Having established that the Timaeus treats sex as a feature of embodiment rather than of the soul itself, it is worth asking whether this metaphysical gap between person and sexed body finds any resonance in contemporary thought about gender identity.


Trans Theory

Talia Mae Bettcher is a contemporary American philosopher whose work focuses on transgender identity, feminist philosophy, and the nature of personal identity. In "Trapped in the Wrong Theory: Rethinking Trans Oppression and Resistance," she argues that trans identity concerns the distinction between the body as socially interpreted, and the person as they understand themselves to be. She argues that those who identify as trans are not "in the wrong body," but instead reframes the issue as a problem of social meaning and misrecognition of the person.


Plato’s account in the Timaeus distinguishes sharply between the soul and the body, treating sex as a feature of embodiment rather than of the rational principle that constitutes the person. When read alongside the work of Talia Mae Bettcher, this distinction takes on a new philosophical resonance. Bettcher argues that trans identity reveals a gap between the body as socially interpreted, and the person as they understand themselves to be, a gap that cannot be resolved by appeal to anatomy alone. Although Plato’s myth embeds a clear hierarchy of embodiments, his metaphysics nevertheless implies that the self is not exhaustively defined by the sexed body it inhabits. In this respect, the transmigration of souls across male and female bodies in the Timaeus is at least compatible with the claim that identity is not reducible to biological sex, even if Plato himself would not have recognized the modern form of that claim. Within this mythological context, a sense of unbelonging or of having lost something once possessed can be understood as a mythological expression of prior embodiment, and recovered memories.


The Timaeus does not depict women becoming men through increased rationality or virtue, but Plato’s view in the Republic, that virtue and philosophy are independent of sex, makes this a reasonable extension of the Timaeus mythology. Also, in the Myth of Er in the Republic (X, 620a), the soul of Atalanta chooses the life of a male athlete because she recognizes the honors attached to it. So the journey of female to male in successive lives seems mythologically possible.

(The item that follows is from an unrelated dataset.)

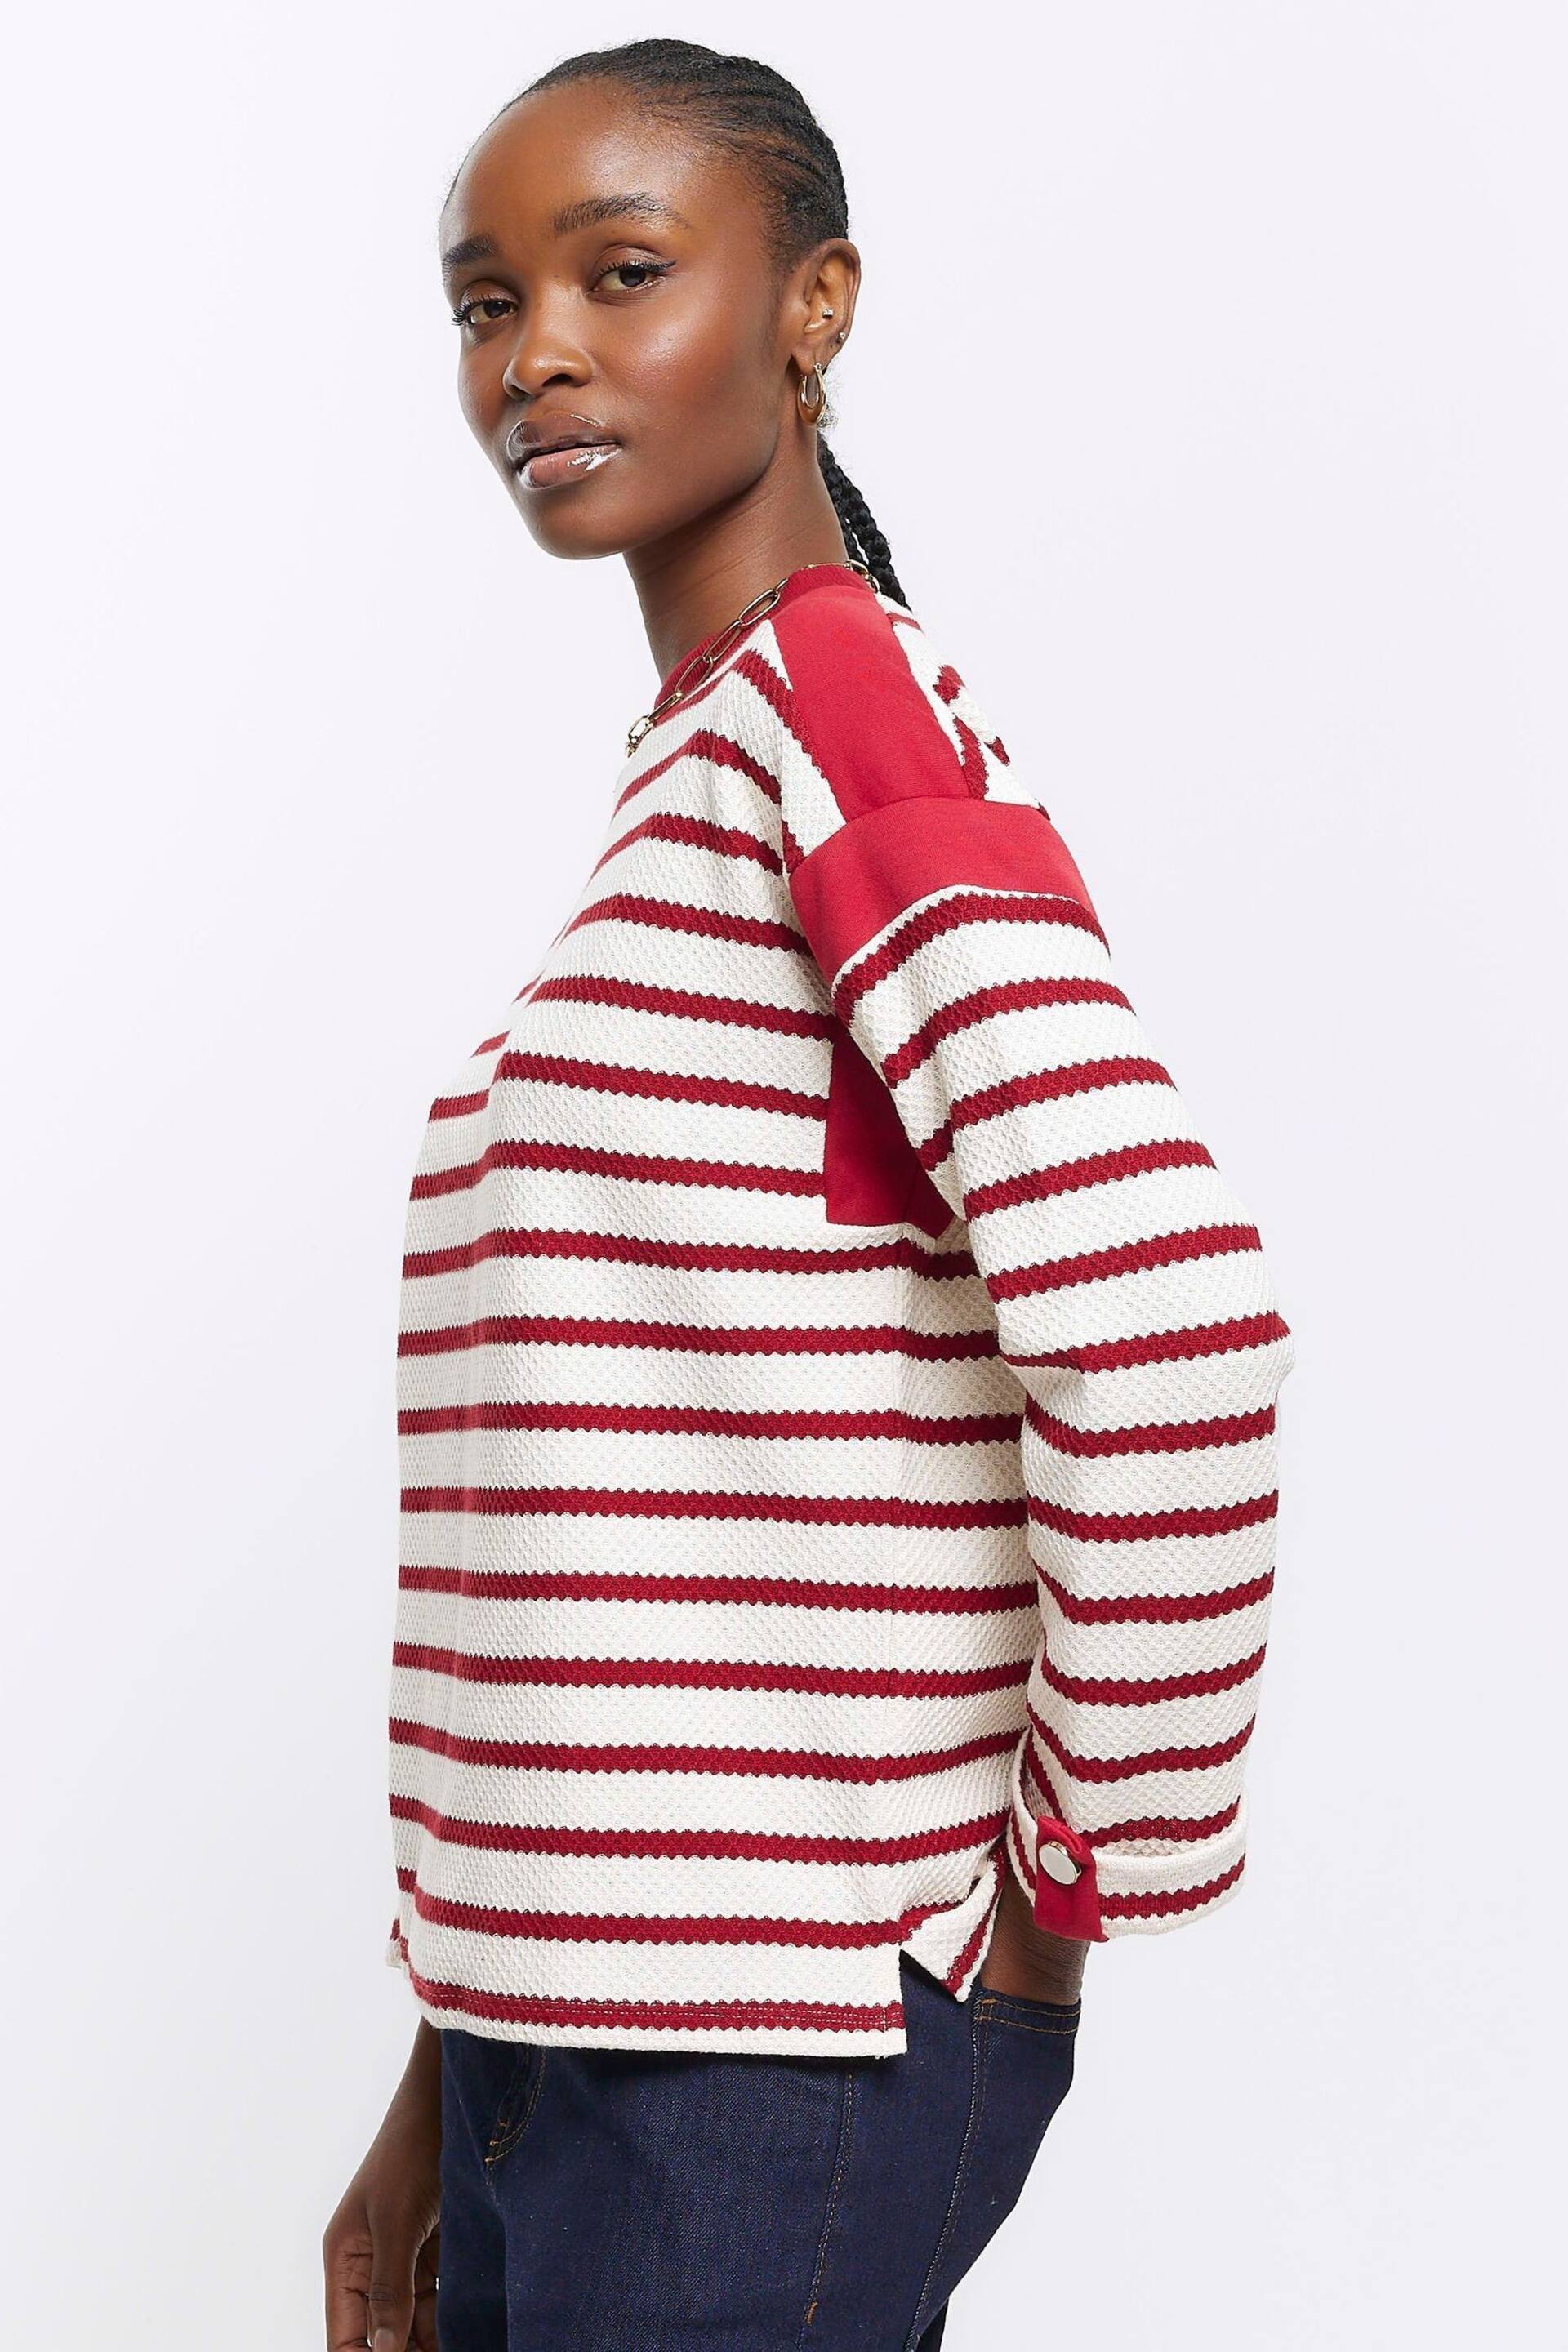 River Island Red Stripe Chuck On Sweat Top - Image 3 of 6

What Plato’s account suggests, even if he does not state it outright, is a distinction between what is essential to the person and what belongs only to embodiment. The rational soul, which persists across lives, carries identity; sex, which can change with each incarnation, belongs to the body and is therefore not constitutive of the self. Even if one were to treat maleness and femaleness as Forms, Plato’s account still distinguishes between the level at which identity is grounded and the level at which it is expressed. The soul persists and carries rational continuity across lives, while sex varies with embodiment, suggesting that identity is anchored in the former rather than the latter. The soul may participate in the Form of maleness or femaleness across different successive incarnations.